• _Your assignment_:
Return the records exactly, from the first line through the "Un grand sceau" line.

*** Data shown ***

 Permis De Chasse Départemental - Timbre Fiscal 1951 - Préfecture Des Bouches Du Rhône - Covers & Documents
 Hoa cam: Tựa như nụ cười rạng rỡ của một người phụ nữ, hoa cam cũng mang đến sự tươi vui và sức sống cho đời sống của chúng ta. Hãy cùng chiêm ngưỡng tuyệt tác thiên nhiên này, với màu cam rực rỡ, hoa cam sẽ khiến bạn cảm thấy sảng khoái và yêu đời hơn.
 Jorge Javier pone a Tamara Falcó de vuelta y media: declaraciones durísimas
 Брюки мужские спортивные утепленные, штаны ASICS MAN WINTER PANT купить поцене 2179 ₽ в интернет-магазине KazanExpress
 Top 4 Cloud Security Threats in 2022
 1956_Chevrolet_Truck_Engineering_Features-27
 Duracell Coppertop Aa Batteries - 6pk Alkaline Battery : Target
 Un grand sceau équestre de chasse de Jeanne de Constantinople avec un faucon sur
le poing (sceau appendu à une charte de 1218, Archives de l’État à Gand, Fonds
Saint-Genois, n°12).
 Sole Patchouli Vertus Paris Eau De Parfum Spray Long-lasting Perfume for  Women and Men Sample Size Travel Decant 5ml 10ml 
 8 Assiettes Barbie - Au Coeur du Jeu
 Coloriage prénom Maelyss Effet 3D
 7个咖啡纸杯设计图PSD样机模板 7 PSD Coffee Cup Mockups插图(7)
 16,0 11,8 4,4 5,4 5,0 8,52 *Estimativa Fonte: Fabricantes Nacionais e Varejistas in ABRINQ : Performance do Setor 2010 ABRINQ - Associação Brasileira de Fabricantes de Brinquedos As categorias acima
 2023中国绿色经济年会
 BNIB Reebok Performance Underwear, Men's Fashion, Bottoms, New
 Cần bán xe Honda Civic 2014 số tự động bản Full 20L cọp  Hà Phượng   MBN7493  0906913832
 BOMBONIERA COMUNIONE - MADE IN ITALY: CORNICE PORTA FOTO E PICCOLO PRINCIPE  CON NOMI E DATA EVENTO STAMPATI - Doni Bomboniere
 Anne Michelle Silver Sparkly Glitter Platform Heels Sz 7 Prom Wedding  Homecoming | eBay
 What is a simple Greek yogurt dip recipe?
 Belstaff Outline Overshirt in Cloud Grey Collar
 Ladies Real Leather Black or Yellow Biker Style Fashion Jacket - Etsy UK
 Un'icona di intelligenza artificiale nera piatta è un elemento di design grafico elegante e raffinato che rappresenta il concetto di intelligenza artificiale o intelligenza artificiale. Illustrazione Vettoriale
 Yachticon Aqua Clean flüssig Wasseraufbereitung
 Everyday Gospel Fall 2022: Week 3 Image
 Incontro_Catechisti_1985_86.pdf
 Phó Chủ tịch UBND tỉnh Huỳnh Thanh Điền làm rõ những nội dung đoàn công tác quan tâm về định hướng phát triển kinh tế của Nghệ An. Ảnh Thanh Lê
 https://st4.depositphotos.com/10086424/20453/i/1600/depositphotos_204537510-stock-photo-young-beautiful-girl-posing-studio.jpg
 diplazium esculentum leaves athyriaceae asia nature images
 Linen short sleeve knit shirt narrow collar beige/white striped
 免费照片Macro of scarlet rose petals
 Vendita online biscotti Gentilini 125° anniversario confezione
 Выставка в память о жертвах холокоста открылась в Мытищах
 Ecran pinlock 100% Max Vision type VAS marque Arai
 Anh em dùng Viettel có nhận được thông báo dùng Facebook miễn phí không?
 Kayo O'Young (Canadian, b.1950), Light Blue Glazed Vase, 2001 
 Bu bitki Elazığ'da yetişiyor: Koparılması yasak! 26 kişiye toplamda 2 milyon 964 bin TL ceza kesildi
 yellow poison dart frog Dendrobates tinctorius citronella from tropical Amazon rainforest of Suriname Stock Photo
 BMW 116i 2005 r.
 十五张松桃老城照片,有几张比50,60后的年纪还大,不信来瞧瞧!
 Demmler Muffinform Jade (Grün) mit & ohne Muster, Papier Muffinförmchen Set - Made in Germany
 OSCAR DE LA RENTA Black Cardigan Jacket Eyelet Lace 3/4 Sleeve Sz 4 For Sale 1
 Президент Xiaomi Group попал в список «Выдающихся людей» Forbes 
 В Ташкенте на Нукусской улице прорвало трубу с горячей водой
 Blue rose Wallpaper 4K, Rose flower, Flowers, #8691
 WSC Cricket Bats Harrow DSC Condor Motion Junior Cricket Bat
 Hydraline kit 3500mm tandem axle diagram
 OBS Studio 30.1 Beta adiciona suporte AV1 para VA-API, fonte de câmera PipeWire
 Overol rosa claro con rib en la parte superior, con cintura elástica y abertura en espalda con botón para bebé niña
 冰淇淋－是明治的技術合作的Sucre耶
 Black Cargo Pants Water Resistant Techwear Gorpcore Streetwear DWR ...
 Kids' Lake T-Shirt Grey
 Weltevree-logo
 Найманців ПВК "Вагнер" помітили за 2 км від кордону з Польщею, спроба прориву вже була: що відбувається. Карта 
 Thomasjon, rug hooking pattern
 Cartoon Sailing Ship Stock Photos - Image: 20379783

*** End of Data shown ***

• _Answer below_:
 Permis De Chasse Départemental - Timbre Fiscal 1951 - Préfecture Des Bouches Du Rhône - Covers & Documents
 Hoa cam: Tựa như nụ cười rạng rỡ của một người phụ nữ, hoa cam cũng mang đến sự tươi vui và sức sống cho đời sống của chúng ta. Hãy cùng chiêm ngưỡng tuyệt tác thiên nhiên này, với màu cam rực rỡ, hoa cam sẽ khiến bạn cảm thấy sảng khoái và yêu đời hơn.
 Jorge Javier pone a Tamara Falcó de vuelta y media: declaraciones durísimas
 Брюки мужские спортивные утепленные, штаны ASICS MAN WINTER PANT купить поцене 2179 ₽ в интернет-магазине KazanExpress
 Top 4 Cloud Security Threats in 2022
 1956_Chevrolet_Truck_Engineering_Features-27
 Duracell Coppertop Aa Batteries - 6pk Alkaline Battery : Target
 Un grand sceau équestre de chasse de Jeanne de Constantinople avec un faucon sur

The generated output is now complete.